Task to complete: Using the listing below, please print exactly the lines from the one with "Sketch of Ross" through the one with "150 Anniversary image". Leave out every picture.

Material for this task:

########################################

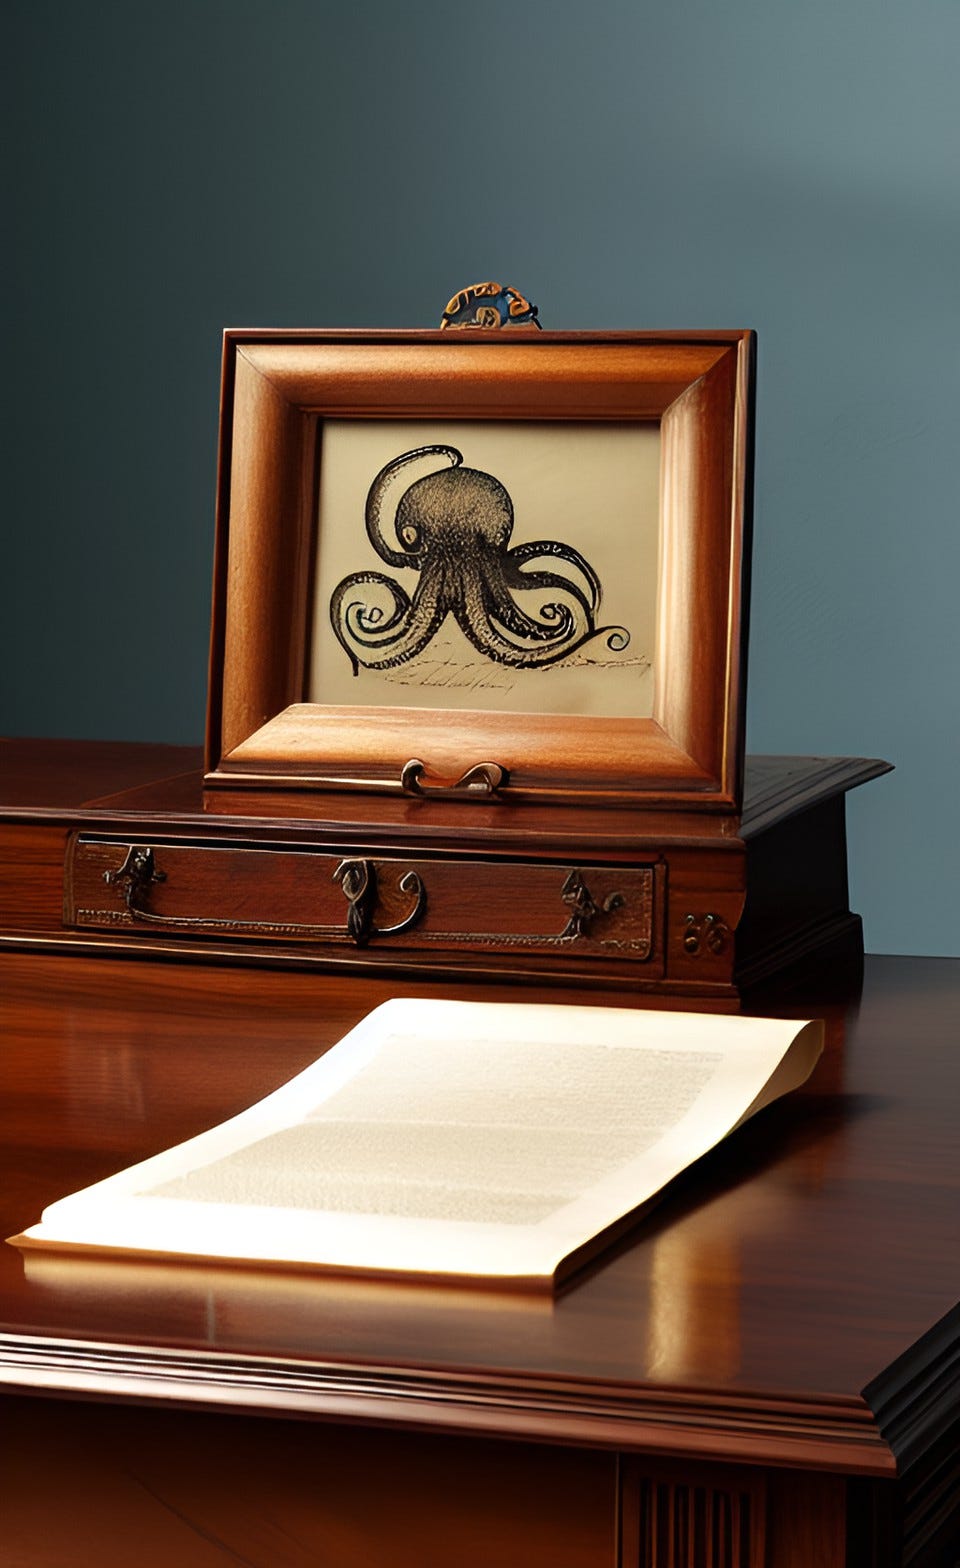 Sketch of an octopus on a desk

########################################

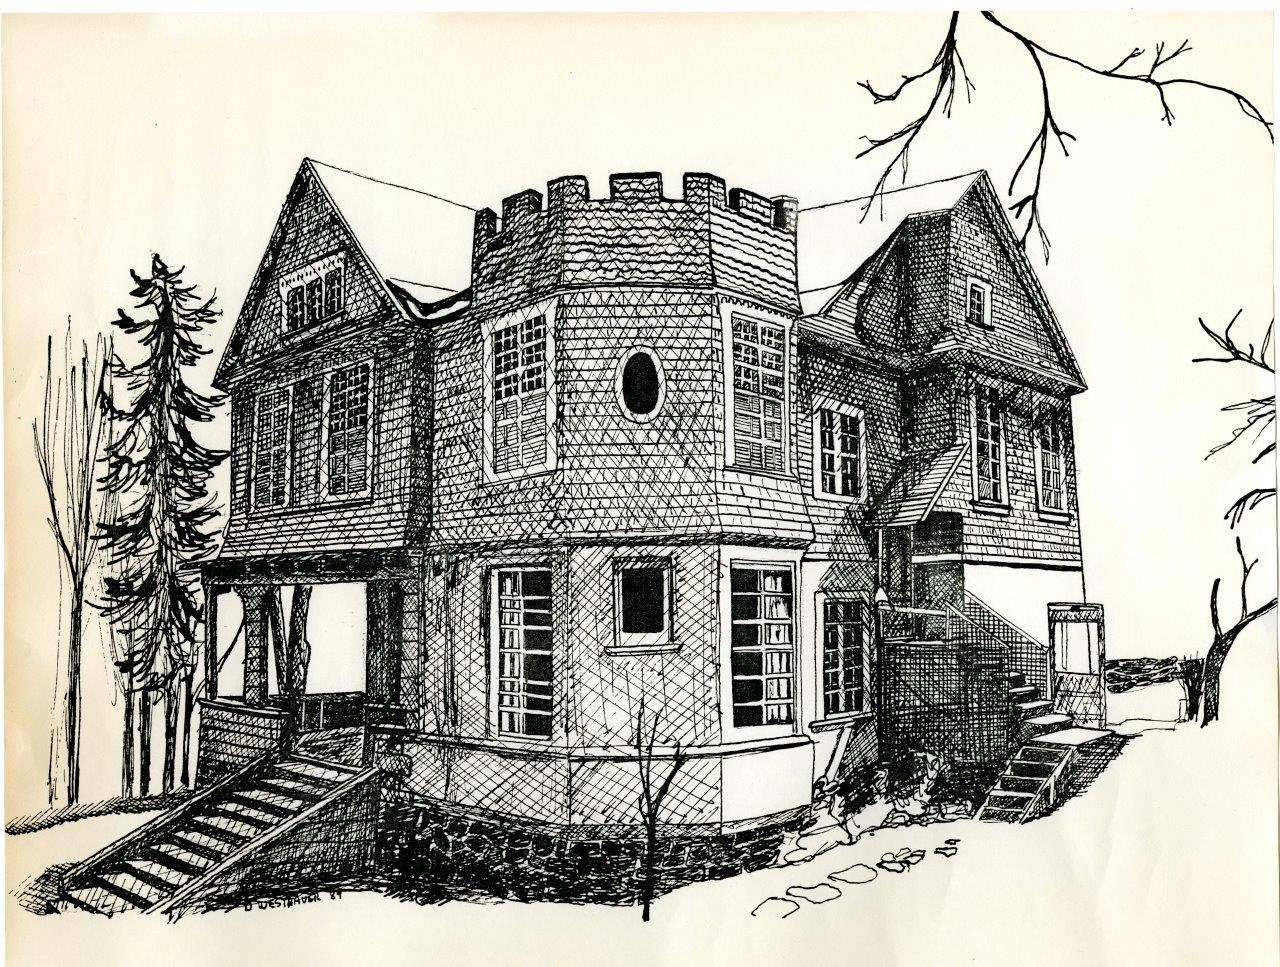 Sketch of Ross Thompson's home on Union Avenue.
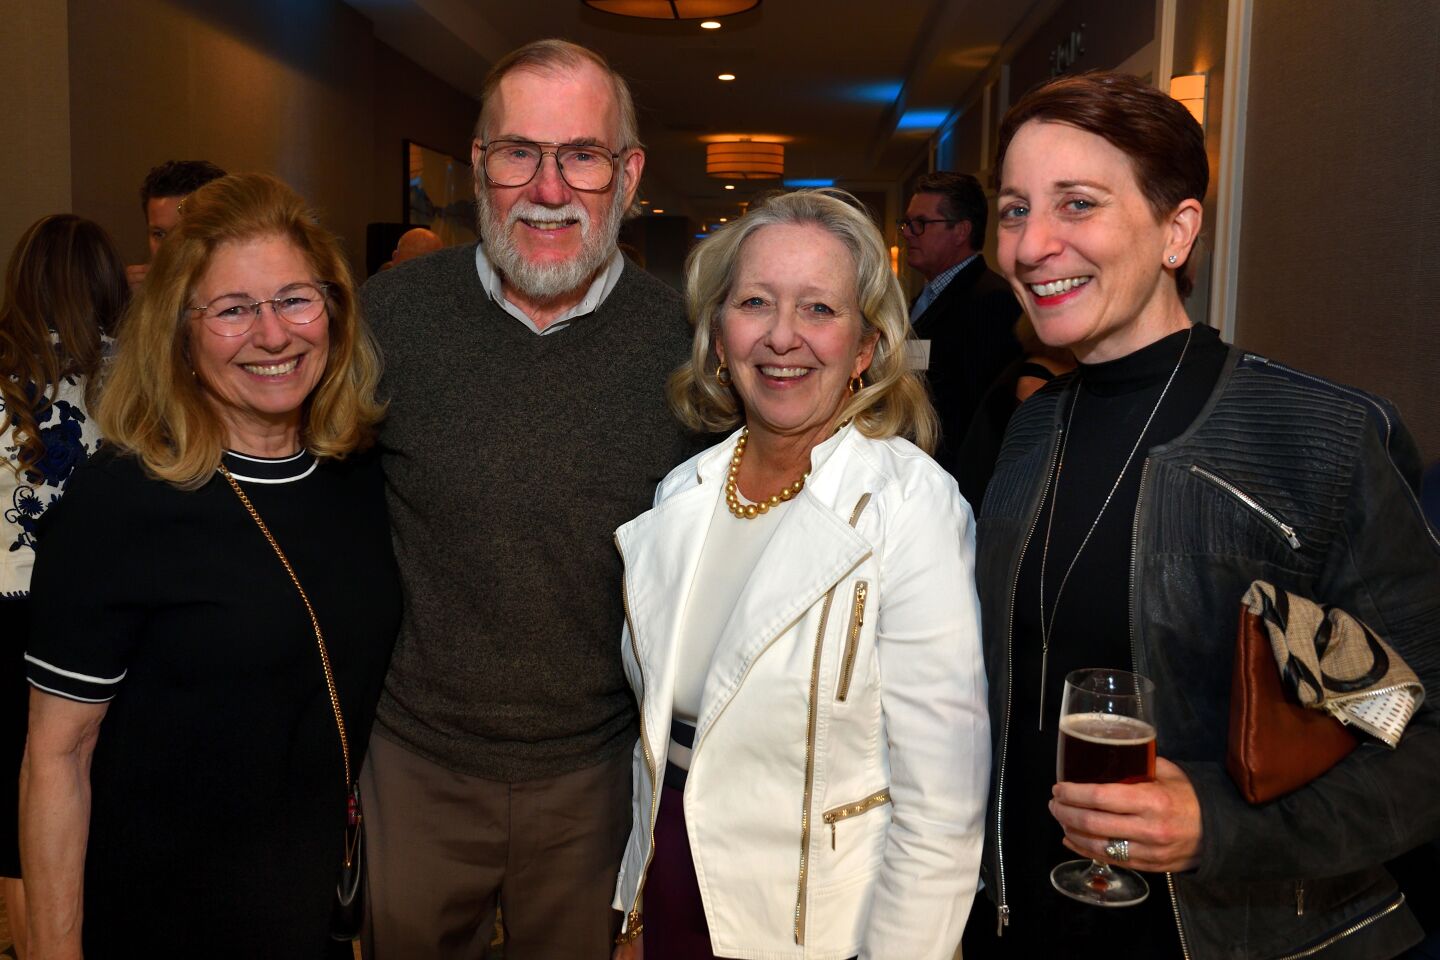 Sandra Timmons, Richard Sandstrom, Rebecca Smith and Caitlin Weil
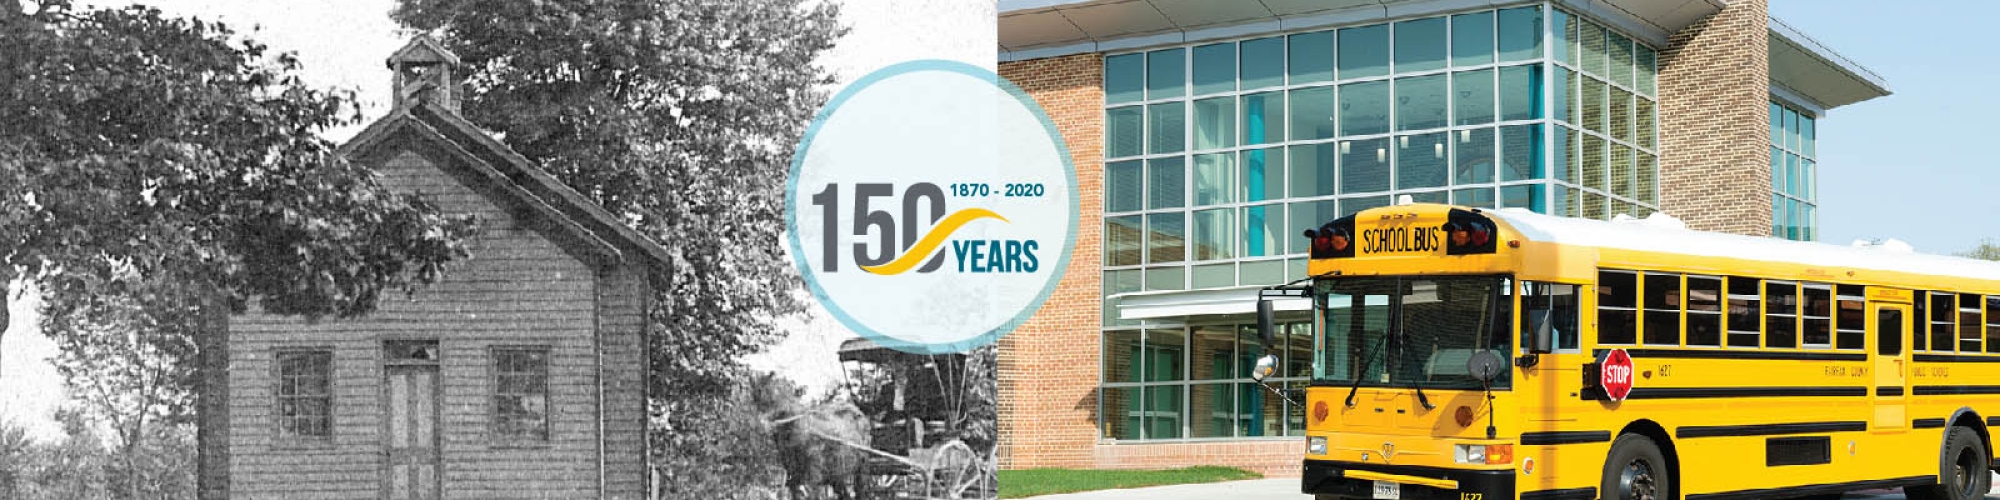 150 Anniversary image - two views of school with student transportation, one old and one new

########################################

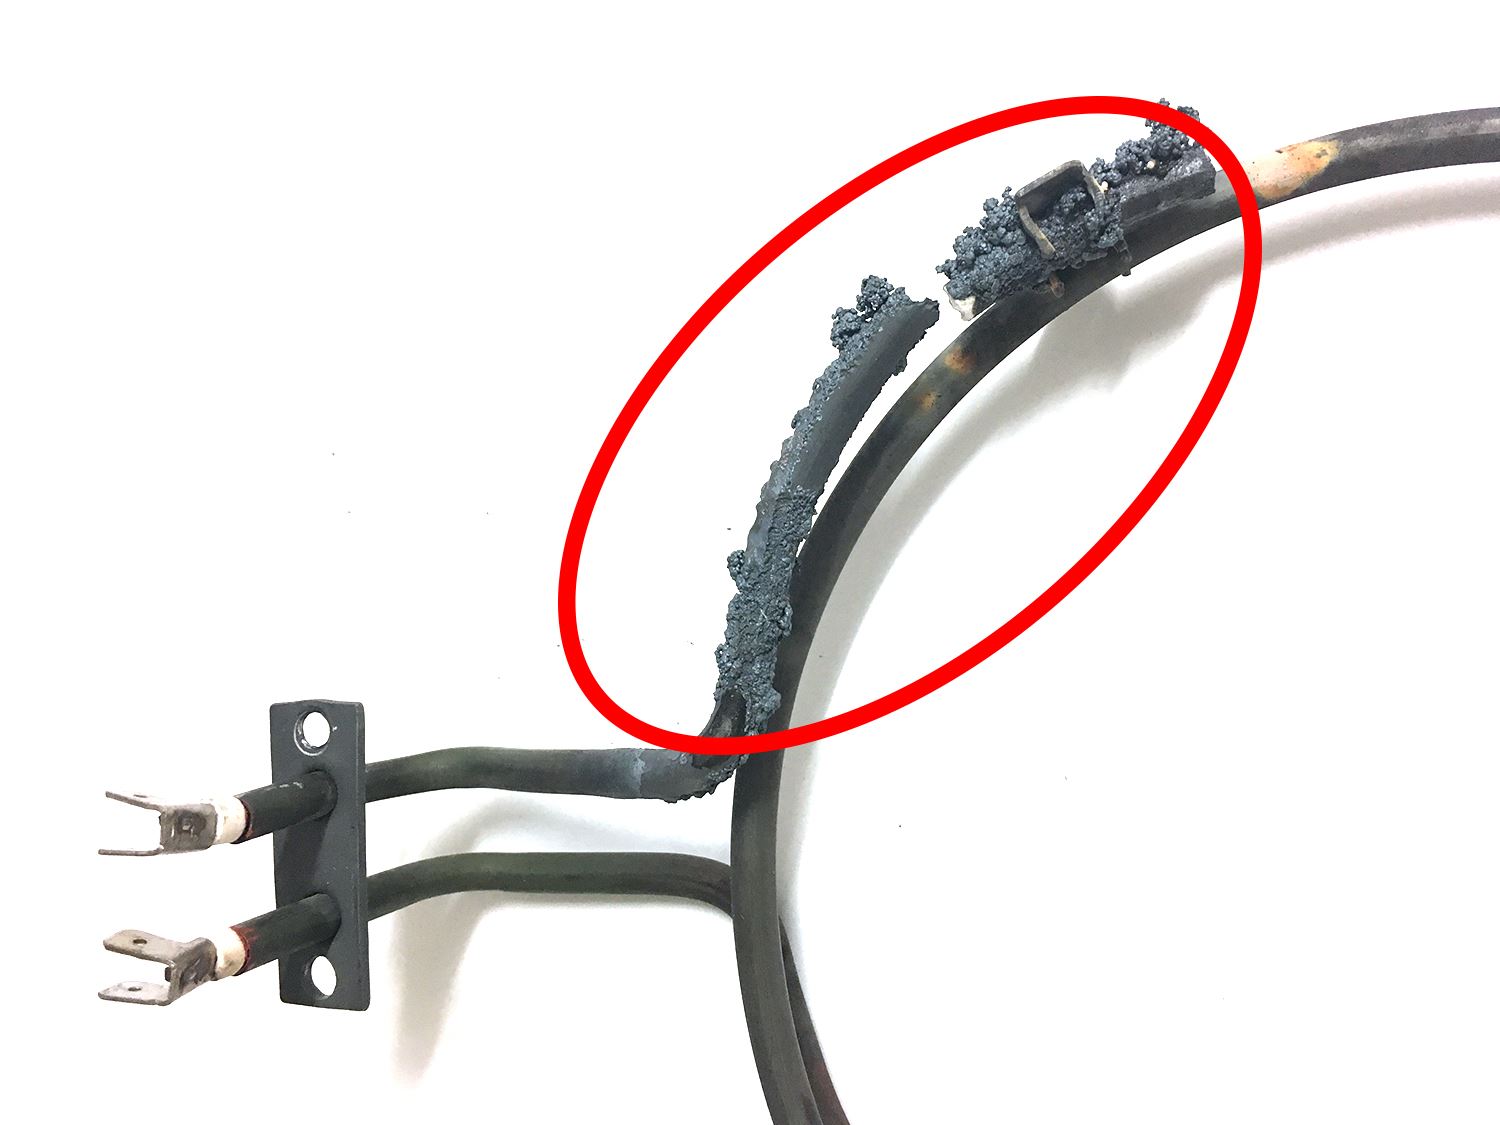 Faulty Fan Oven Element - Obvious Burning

########################################

Answer space:
 Sketch of Ross Thompson's home on Union Avenue.
 Sandra Timmons, Richard Sandstrom, Rebecca Smith and Caitlin Weil
 150 Anniversary image - two views of school with student transportation, one old and one new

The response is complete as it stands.